[proofplan] Uniform convergence first gives continuity of the limit by the standard $\varepsilon/3$ argument: approximate $f$ by one continuous function $f_N$, use continuity of $f_N$ at the point, and then return to $f$. Once $f$ is continuous, all functions involved are bounded Borel functions on the compact interval $[a,b]$, hence Lebesgue integrable. Finally, the integral error is controlled by the uniform error times the length of the interval: \begin{align*} \left|\int_a^b f_n\,d\mathcal{L}^1-\int_a^b f\,d\mathcal{L}^1\right|\le (b-a)\sup_{x\in[a,b]}|f_n(x)-f(x)|. \end{align*} [/proofplan]

[step:Prove that the uniform limit is continuous] Fix $x_0\in[a,b]$ and let $\varepsilon>0$. Since $f_n\to f$ uniformly on $[a,b]$, there exists $N\in\mathbb{N}$ such that \begin{align*} \sup_{y\in[a,b]}|f_N(y)-f(y)|<\frac{\varepsilon}{3}. \end{align*} Because $f_N:[a,b]\to\mathbb{R}$ is continuous at $x_0$, there exists $\delta>0$ such that, for every $x\in[a,b]$ with $|x-x_0|<\delta$, \begin{align*} |f_N(x)-f_N(x_0)|<\frac{\varepsilon}{3}. \end{align*} For such $x$, the triangle inequality gives \begin{align*} |f(x)-f(x_0)|\le |f(x)-f_N(x)|+|f_N(x)-f_N(x_0)|+|f_N(x_0)-f(x_0)|. \end{align*} Each of the first and third terms is bounded by the uniform estimate, and the middle term is bounded by continuity of $f_N$ at $x_0$. Hence \begin{align*} |f(x)-f(x_0)|<\varepsilon. \end{align*} Thus $f$ is continuous at $x_0$. Since $x_0\in[a,b]$ was arbitrary, $f:[a,b]\to\mathbb{R}$ is continuous. [/step]

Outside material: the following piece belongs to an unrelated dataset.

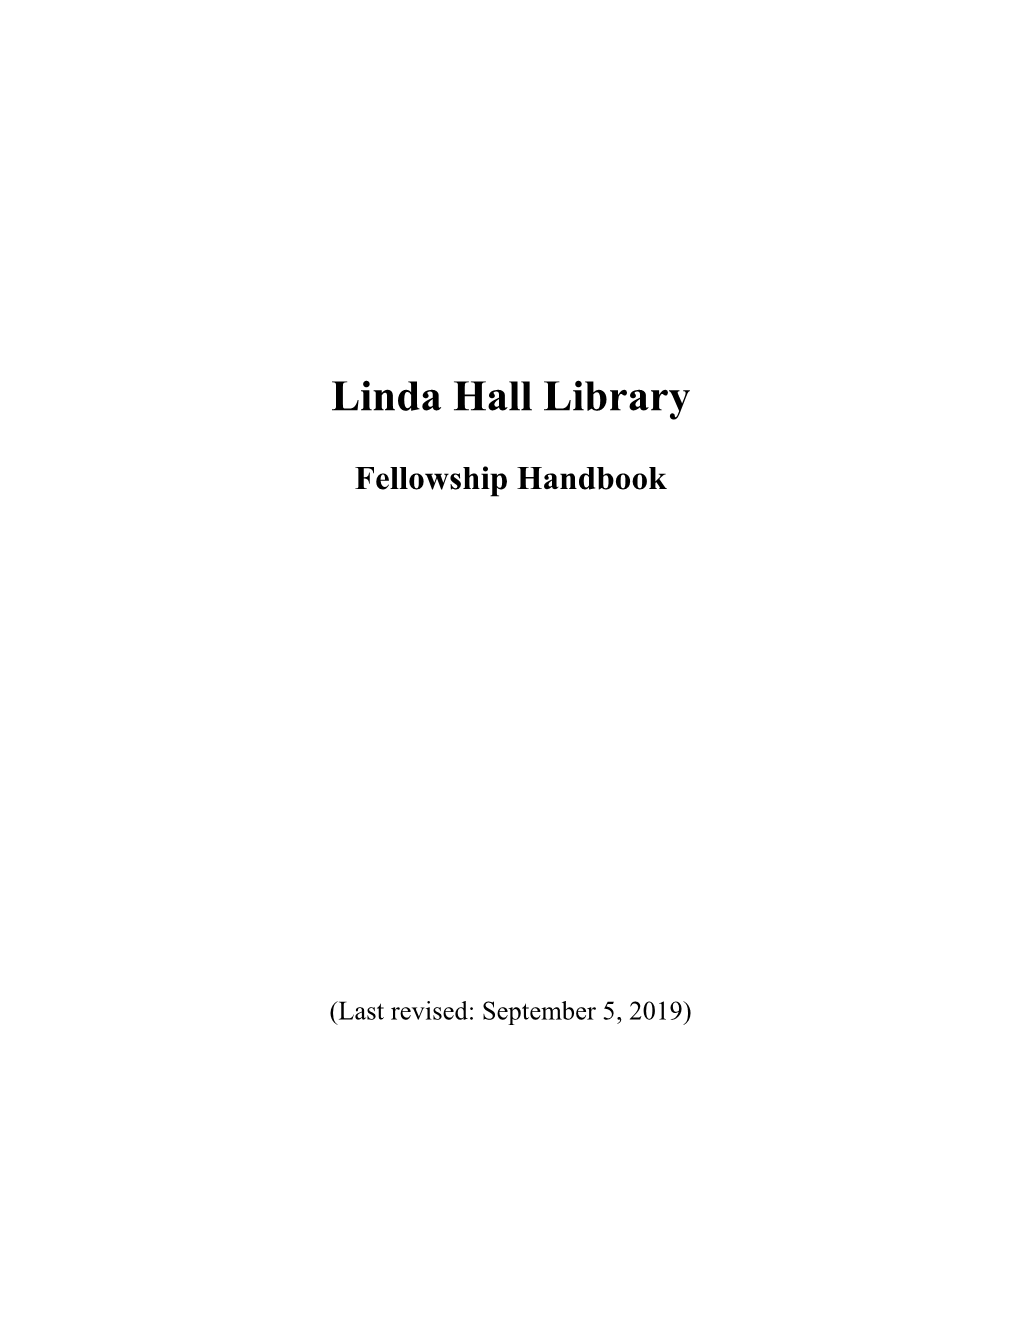 Fellowship Handbook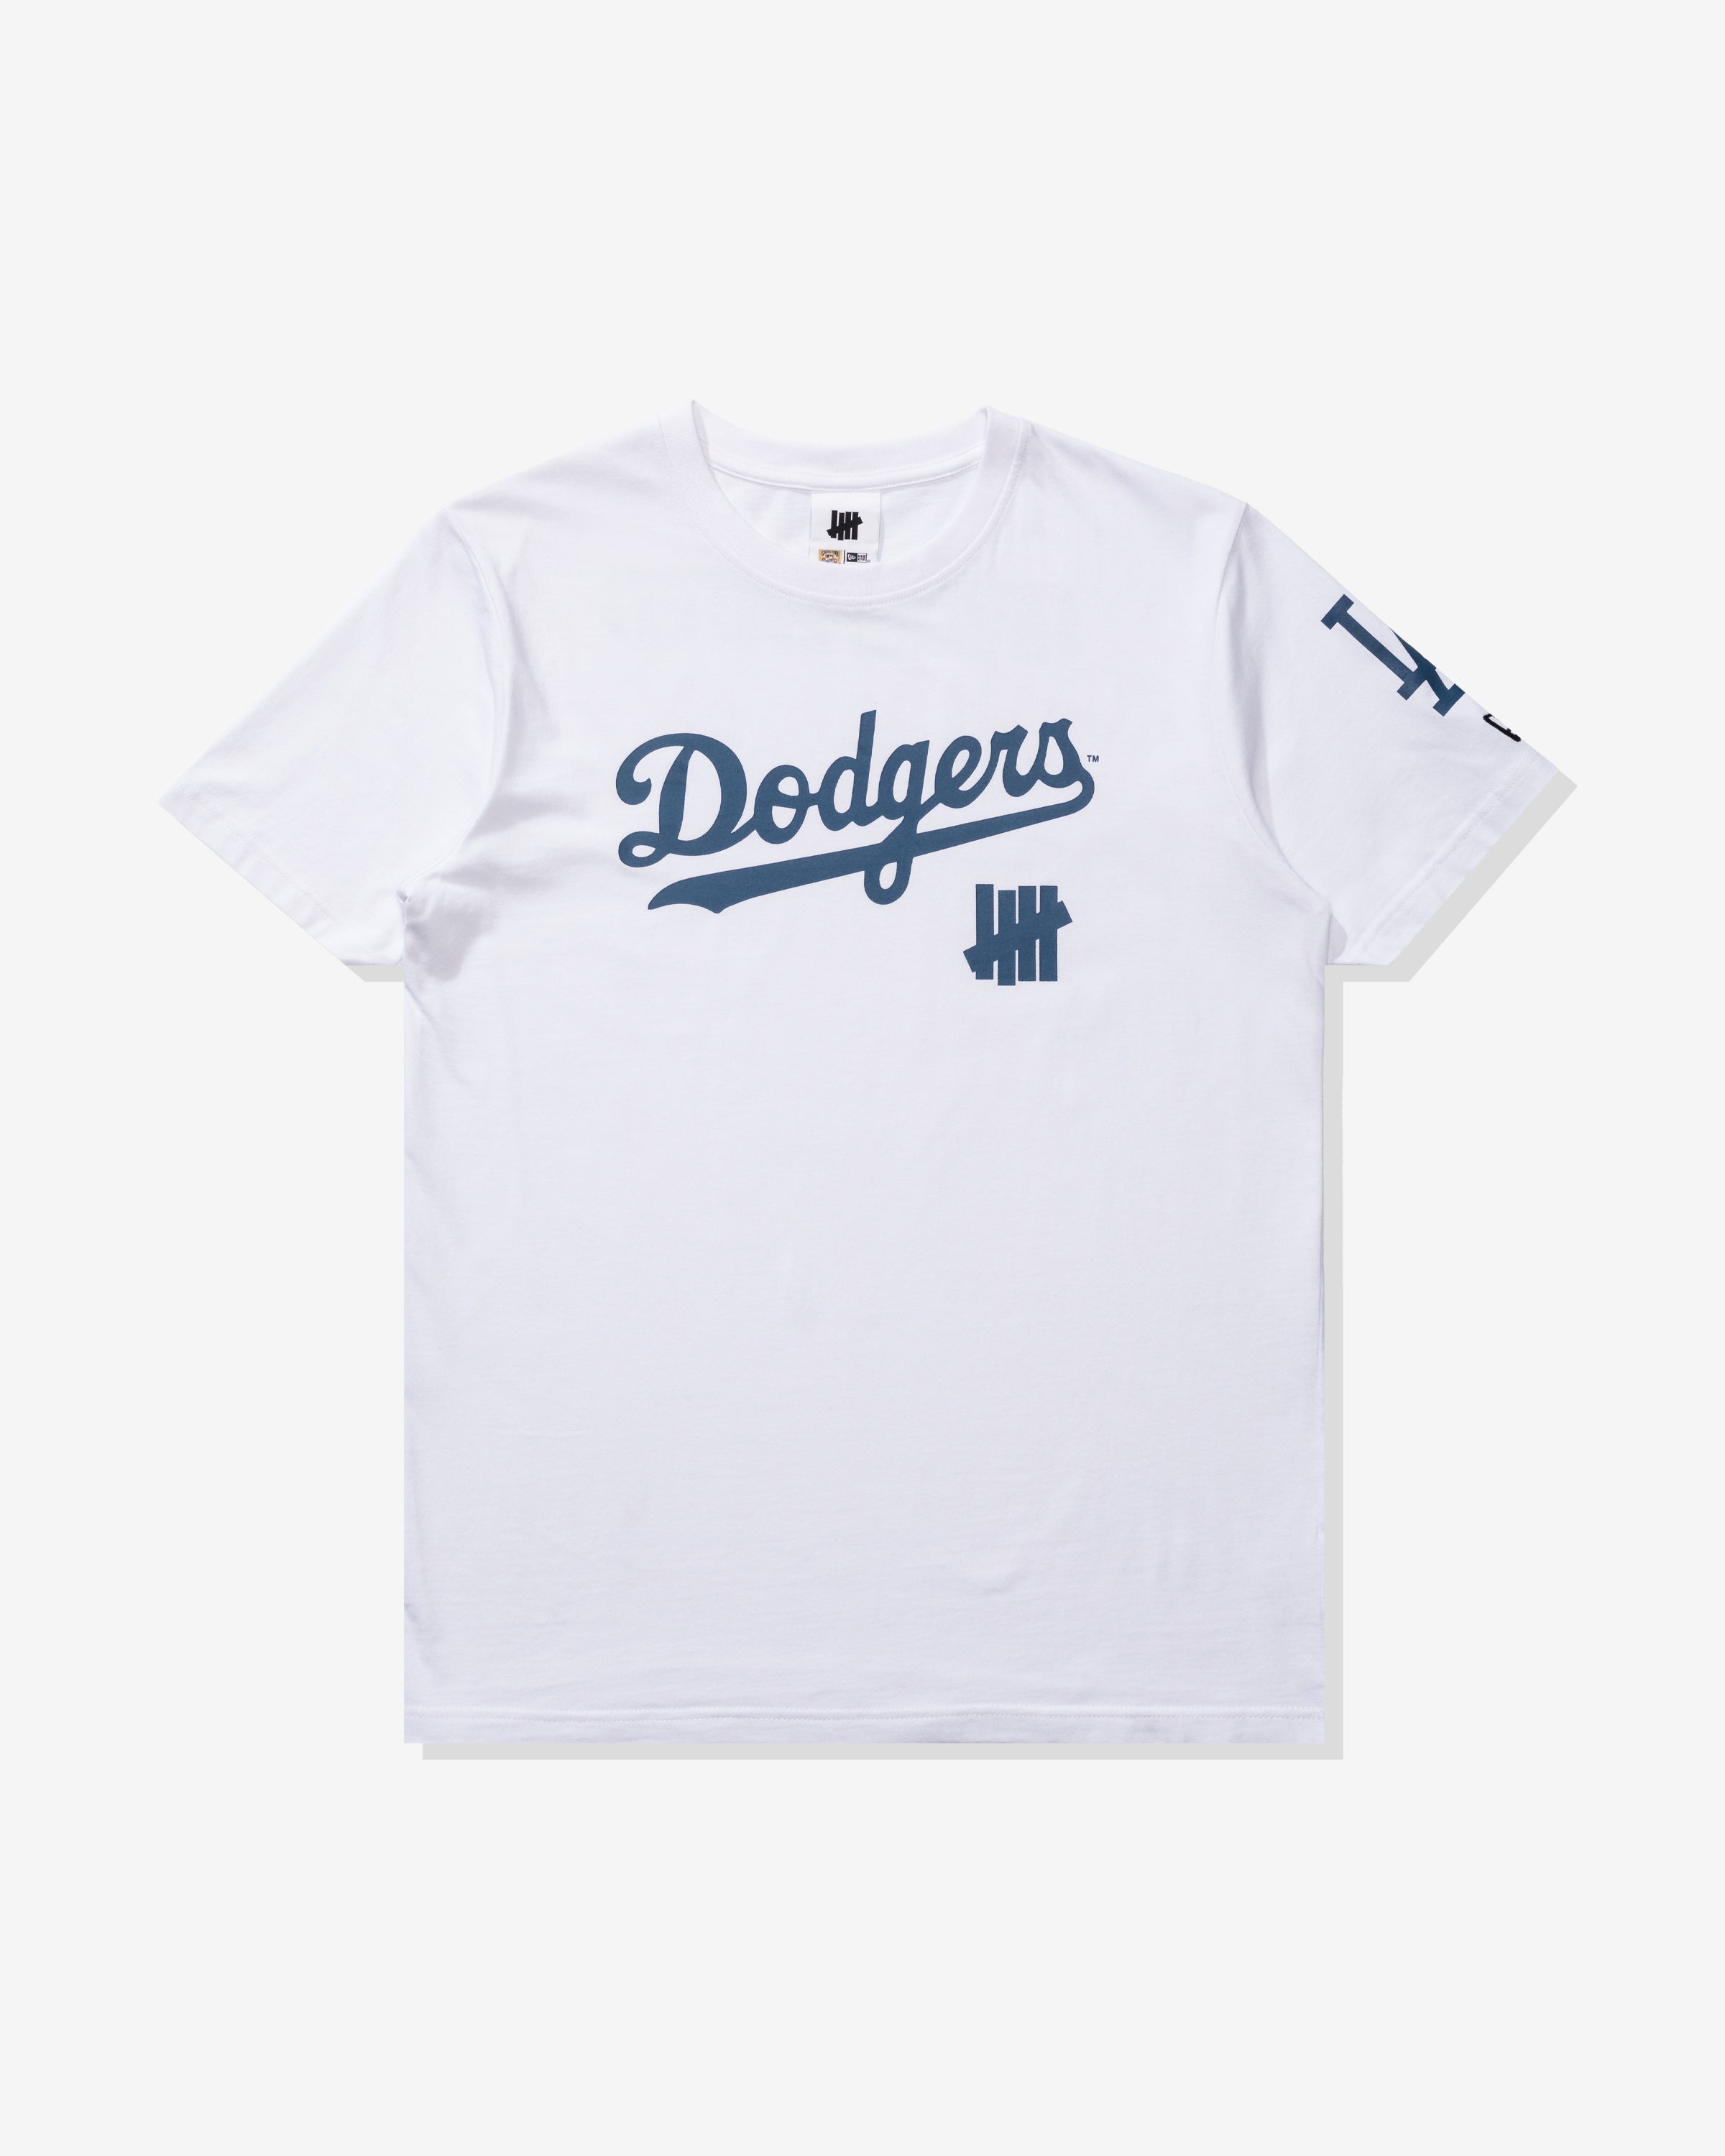 [Preorder]Undefeated x La Dodgers New Era Champions Tshirt

[step:Verify that all integrals are well defined] For every $n\in\mathbb{N}$, the function $f_n:[a,b]\to\mathbb{R}$ is continuous, hence Borel measurable and bounded on the compact interval $[a,b]$. The previous step shows that $f:[a,b]\to\mathbb{R}$ is also continuous, hence Borel measurable and bounded on $[a,b]$. Since \begin{align*} \mathcal{L}^1([a,b])=b-a<\infty, \end{align*} each bounded Borel function $f_n$ and $f$ is Lebesgue integrable over $[a,b]$ with respect to $\mathcal{L}^1$. [/step]

[step:Bound the integral error by the uniform error]For each $n\in\mathbb{N}$, define \begin{align*} s_n:=\sup_{x\in[a,b]}|f_n(x)-f(x)|. \end{align*} By uniform convergence, $s_n\to 0$ as $n\to\infty$. Using linearity of the Lebesgue integral and the absolute value estimate for integrals, we obtain \begin{align*} \left|\int_a^b f_n(x)\,d\mathcal{L}^1(x)-\int_a^b f(x)\,d\mathcal{L}^1(x)\right|=\left|\int_a^b (f_n(x)-f(x))\,d\mathcal{L}^1(x)\right|. \end{align*} Therefore \begin{align*} \left|\int_a^b (f_n(x)-f(x))\,d\mathcal{L}^1(x)\right|\le \int_a^b |f_n(x)-f(x)|\,d\mathcal{L}^1(x). \end{align*} For every $x\in[a,b]$, the definition of $s_n$ gives $|f_n(x)-f(x)|\le s_n$. Monotonicity of the Lebesgue integral then gives \begin{align*} \int_a^b |f_n(x)-f(x)|\,d\mathcal{L}^1(x)\le \int_a^b s_n\,d\mathcal{L}^1(x). \end{align*} Since $s_n$ is constant as a function of $x$ and $\mathcal{L}^1([a,b])=b-a$, \begin{align*} \int_a^b s_n\,d\mathcal{L}^1(x)=s_n(b-a). \end{align*} Combining these estimates, \begin{align*} \left|\int_a^b f_n(x)\,d\mathcal{L}^1(x)-\int_a^b f(x)\,d\mathcal{L}^1(x)\right|\le (b-a)s_n. \end{align*} Since $s_n\to 0$ and $b-a$ is fixed, the right-hand side tends to $0$.[/step]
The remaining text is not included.